Testing for COVID-19, followed by isolation of positive cases, contract tracing, and mandatory quarantine for exposed persons who test positive, are practices that should remain in effect. The need for low-cost, self-administered, rapid COVID-19 testing remains significant and will continue after countries have successfully controlled COVID-19 through their mass vaccination campaigns.

Metabolic Health

Obesity, diabetes, inactivity, insulin resistance, and other impairments associated with poor metabolic health are closely linked to severe cases of COVID-19. Public health experts talk about the dual pandemics of obesity and COVID-19 and the negative impact they have on each other. Thus, life-style practices (healthy nutrition and exercise) and medical treatments that decrease metabolic syndrome will increase individuals’ ability to fight against severe effects of COVID-19.


[1] Refer to: SARS-CoV-2: An Emerging Coronavirus that Causes a Global Threat (see Reference Documents); accessed January 13, 2021.

[2] Refer to: A Timeline of COVID-19 Developments in 2020 (see Reference Documents); accessed January 13, 2021.
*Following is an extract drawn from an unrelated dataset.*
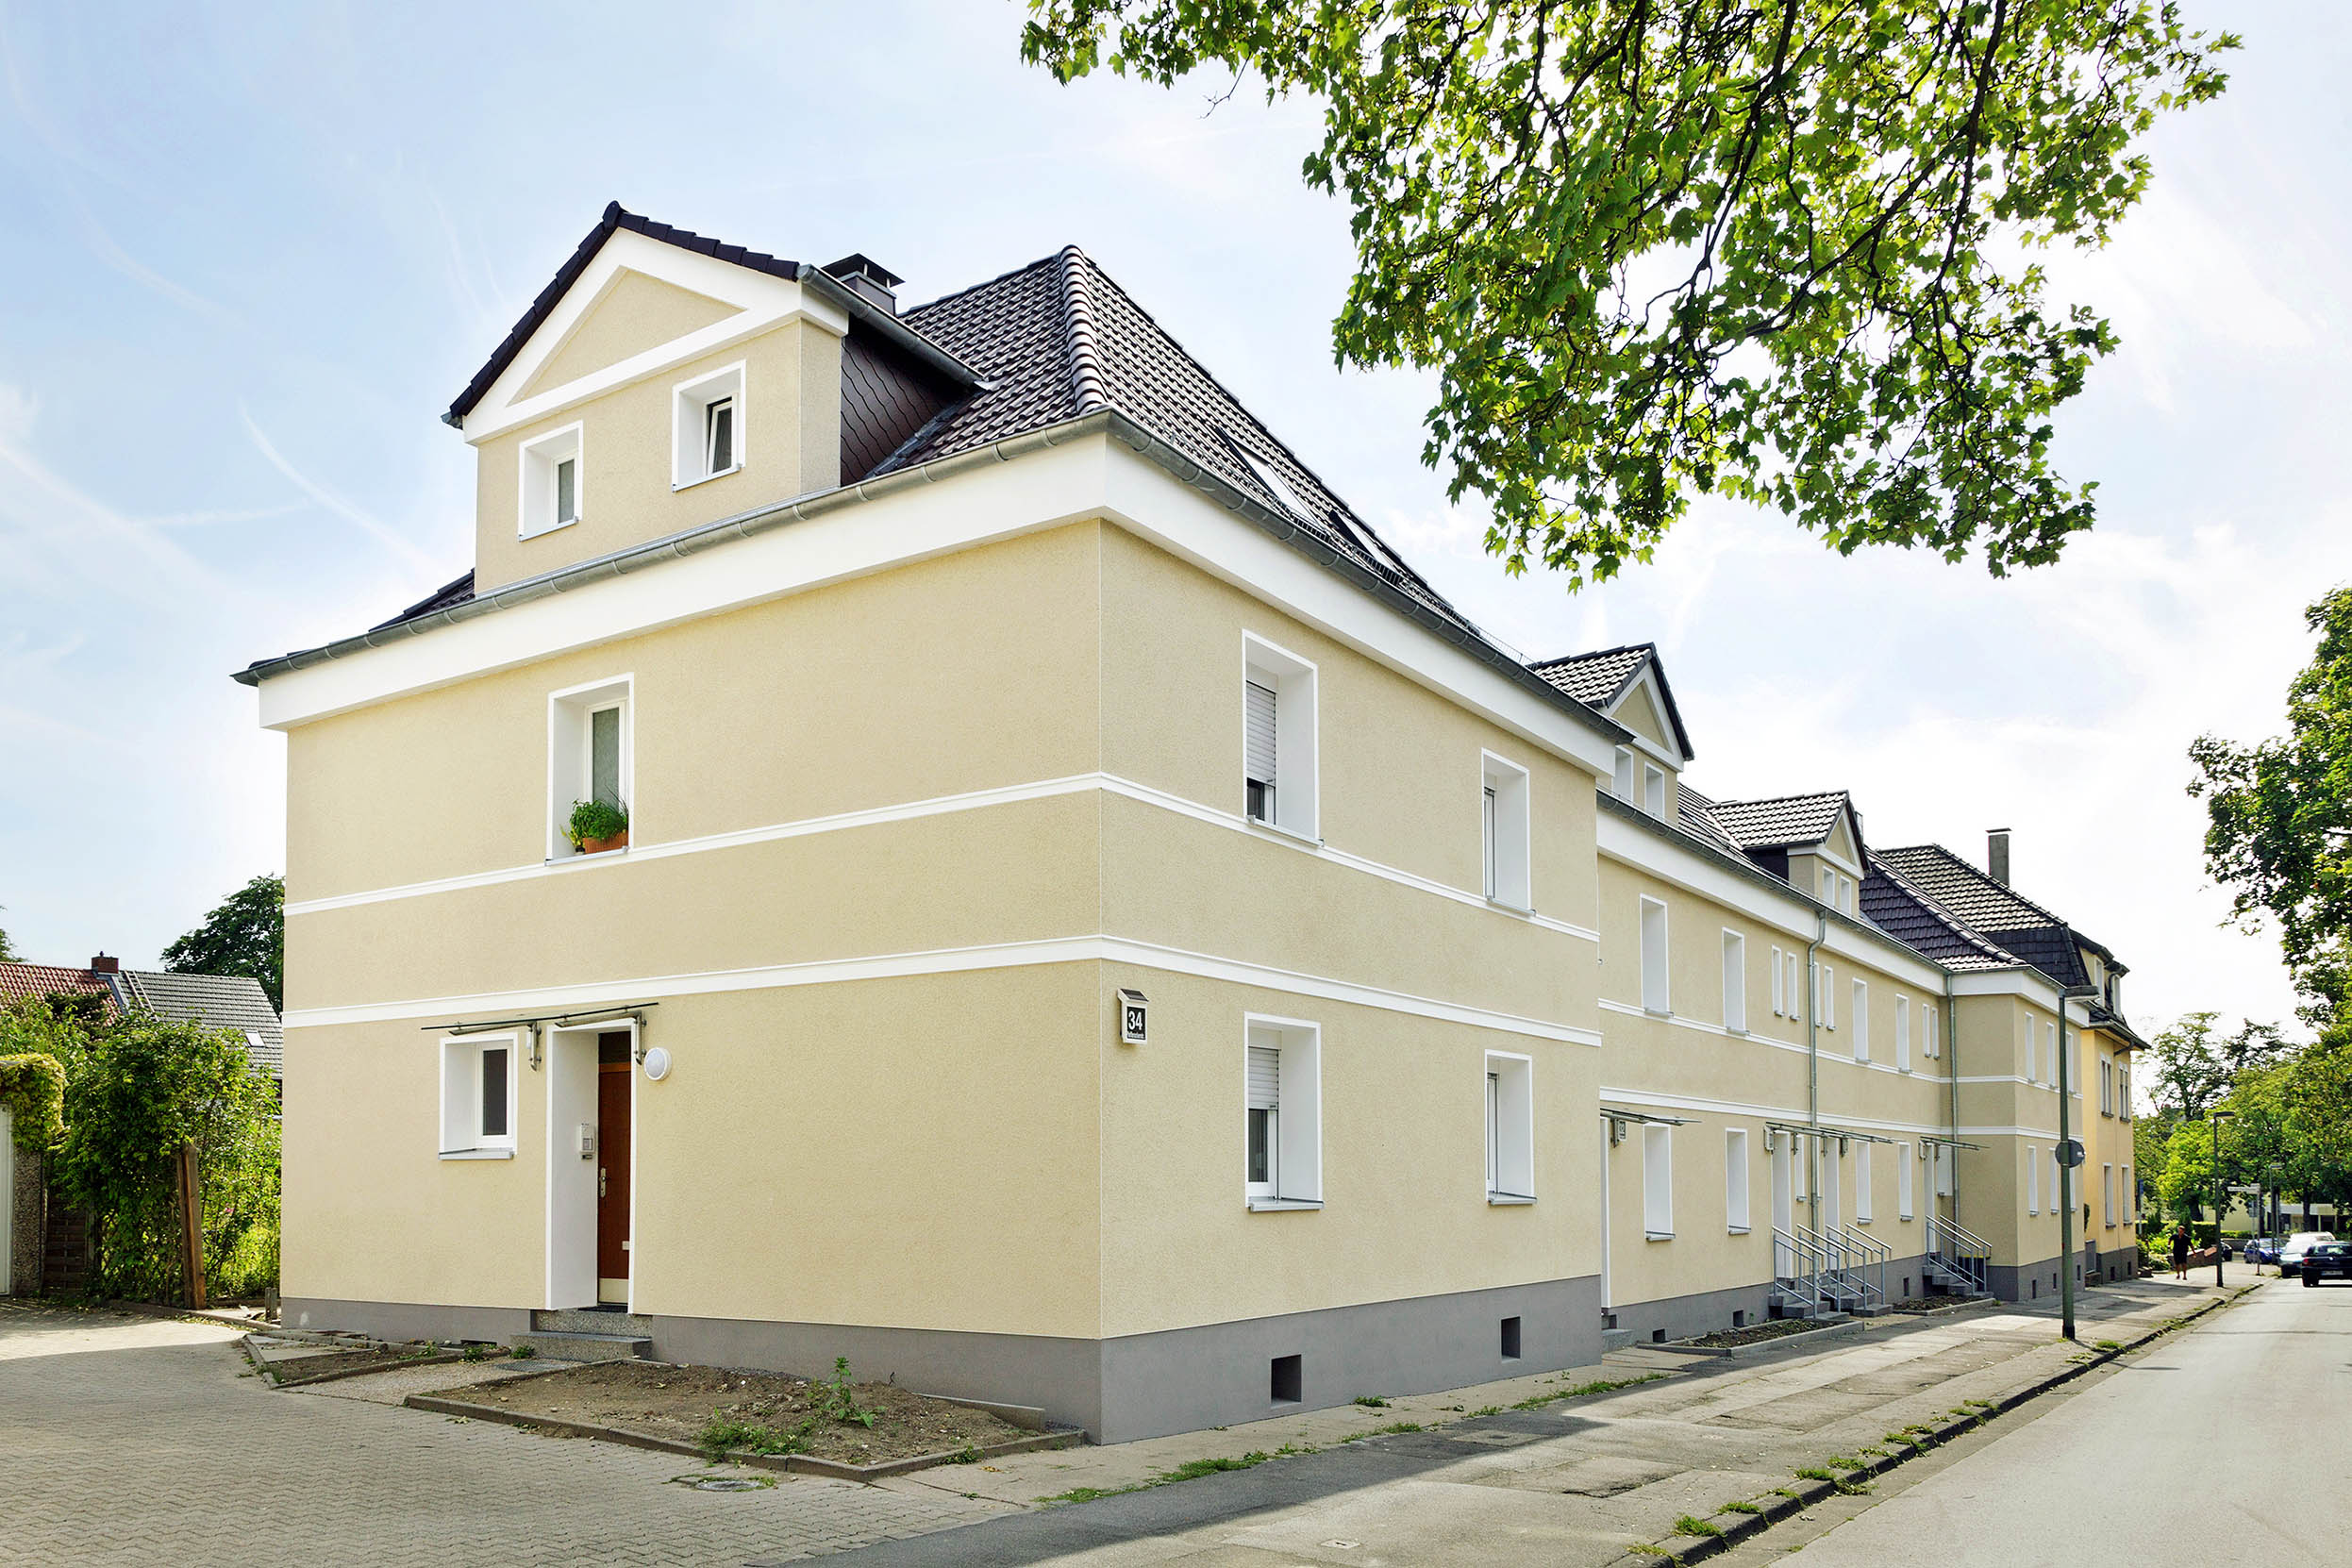 pfefferackerstraße-image-1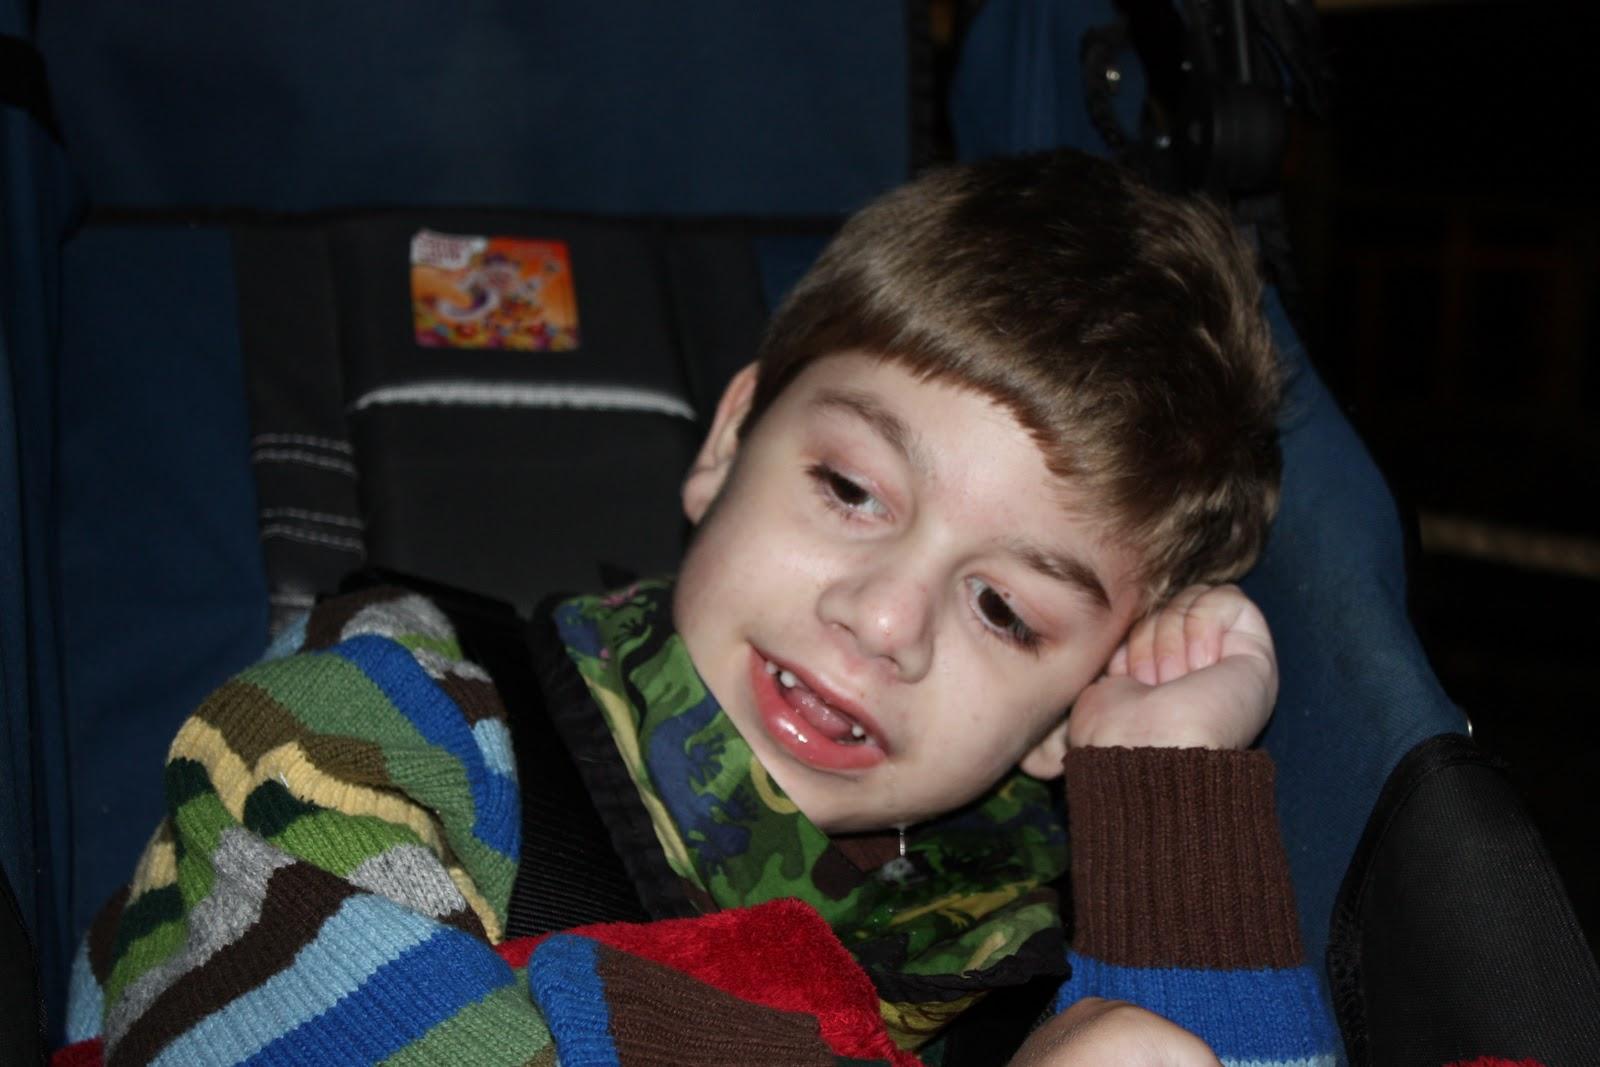 Jake is our sweet 7-year-old boy who is suffering from a neurodegenerative  disease called late infantile Neuronal Ceroid Lipofuscinosis, or Batten  Disease.

[3] Refer to the Coronavirus Resource Center, John Hopkins University of Medicine (JHU) at https://coronavirus.jhu.edu; accessed February 5, 2021.

[4] Refer to: FDA Takes Additional Action in Fight Against COVID-19 By Issuing Emergency Use Authorization for Second COVID Vaccine (see Reference Documents); accessed January 14, 2021.

[5] AstraZeneca’s COVID-19 vaccine was approved for emergency supply in the UK and the first doses were released on December 30, 2020. Refer to: AstraZeneca’s COVID-19 Vaccine Authorized for Emergency Supply in the UK (see Reference Documents); accessed January 28, 2021.

[6] Acquisition and distribution of vaccine for low and middle-income countries is orchestrated by the COVAX Facility, a joint international effort funded by dozens of countries (including high-income countries) and philanthropic organizations, intended to ensure the just and equitable distribution of vaccine throughout the world.

[7] Exceptions were observed in small countries with protected borders.

[8] This is not to say that vaccine supply is not and will not continue to be a major gating factor, however.

[9] Early in 2020, countries began developing COVID-19 mass vaccination campaigns based on knowledge and experience gained from decades of prior vaccination campaigns. It is widely recognized that controlling the COVID-19 pandemic will require a global response at a significantly larger scale than any previous response to outbreaks of infectious diseases, including MERS, SARS, Swine flu, and Ebola.

[10] For one example where this is happening, consider the collaboration between a large technology company (such as Microsoft®) and partners (Accenture, Avande, EY, and Mazik Global) to build and launch new platforms for COVID-19 vaccine management to assist public health agencies and healthcare providers. Refer to: Microsoft Deploys COVID-19 Vaccine Management Platform (see Referenced Documents); accessed January 6, 2021.